What "Memory" Actually Means in an Agent Stack

Agent memory isn't a single thing. Most frameworks split it into at least three layers: in-context memory (the active conversation window), external memory (vector databases, key-value stores, relational tables), and procedural memory (fine-tuned weights or few-shot examples baked into a model).

In a multi-agent system, all three layers can be shared, isolated, or accidentally cross-wired. LangGraph lets you attach a checkpointer that persists state between nodes. Letta (formerly MemGPT) gives every agent its own tiered memory with explicit in-context and archival layers. AutoGen / AG2 passes messages between agents as conversation history — which means one agent's output is another agent's input by design.

Each architecture makes different tradeoffs. The risk profile changes depending on which layer you're using and whether you've thought about who — or what — has read access.

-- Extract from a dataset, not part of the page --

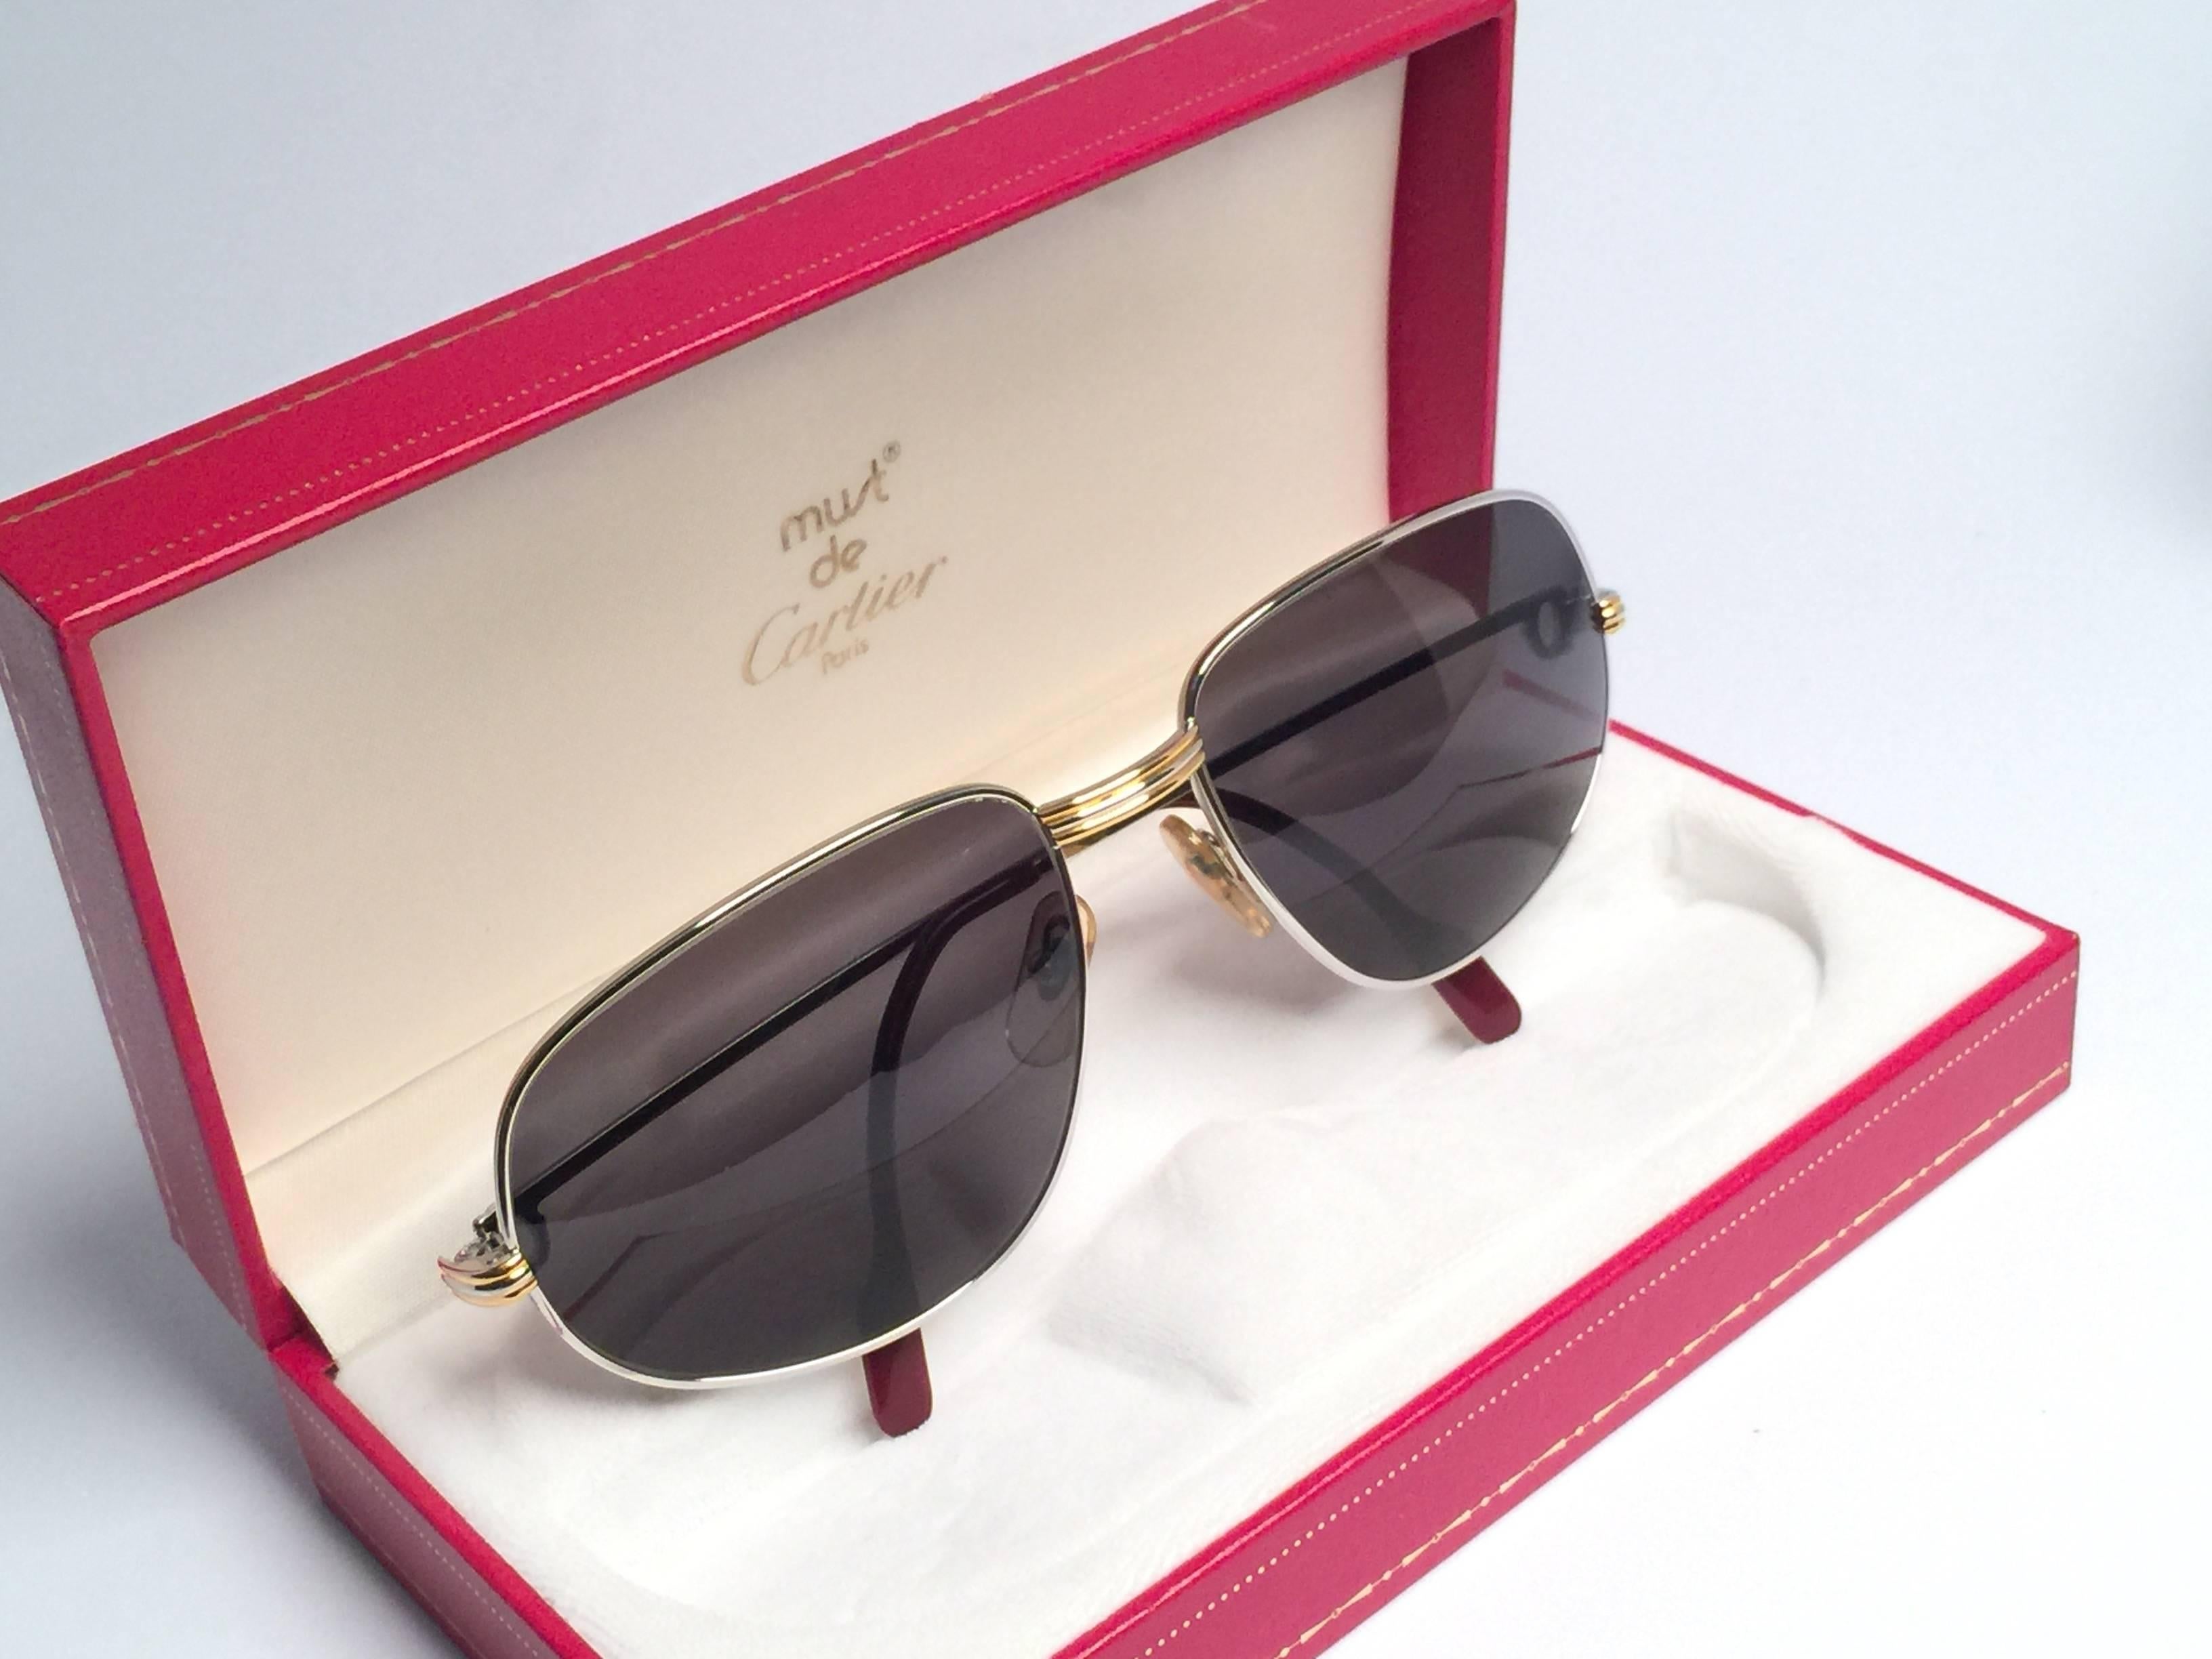 Vintage Cartier Romance Vendome Platinum sunglasses with G15 grey (uv protection)lenses.  Frame is with the front and sides in yellow and white gold. All hallmarks. Red enamel with Cartier gold signs on the ear paddles. Both arms sport the C from

The Cross-Contamination Problem

Cross-contamination happens when memory written by one agent (or one user session) becomes readable by a different agent or session without explicit authorization.

The most common trigger is a naively shared vector store. If your orchestrator agent and your summarizer agent both read from and write to the same embedding index without namespace separation, summaries from Session A are retrievable in Session B. This isn't hypothetical — it's a direct consequence of how similarity search works. A query in Session B might be semantically close enough to a document from Session A to surface it in the top-k results.

The fix is namespacing: every collection, index, or table that holds agent-generated memory should be scoped by tenant_id, session_id, or both. In Chroma, that means using collection per tenant. In Pinecone, use namespaces. In pgvector, use row-level security or schema isolation.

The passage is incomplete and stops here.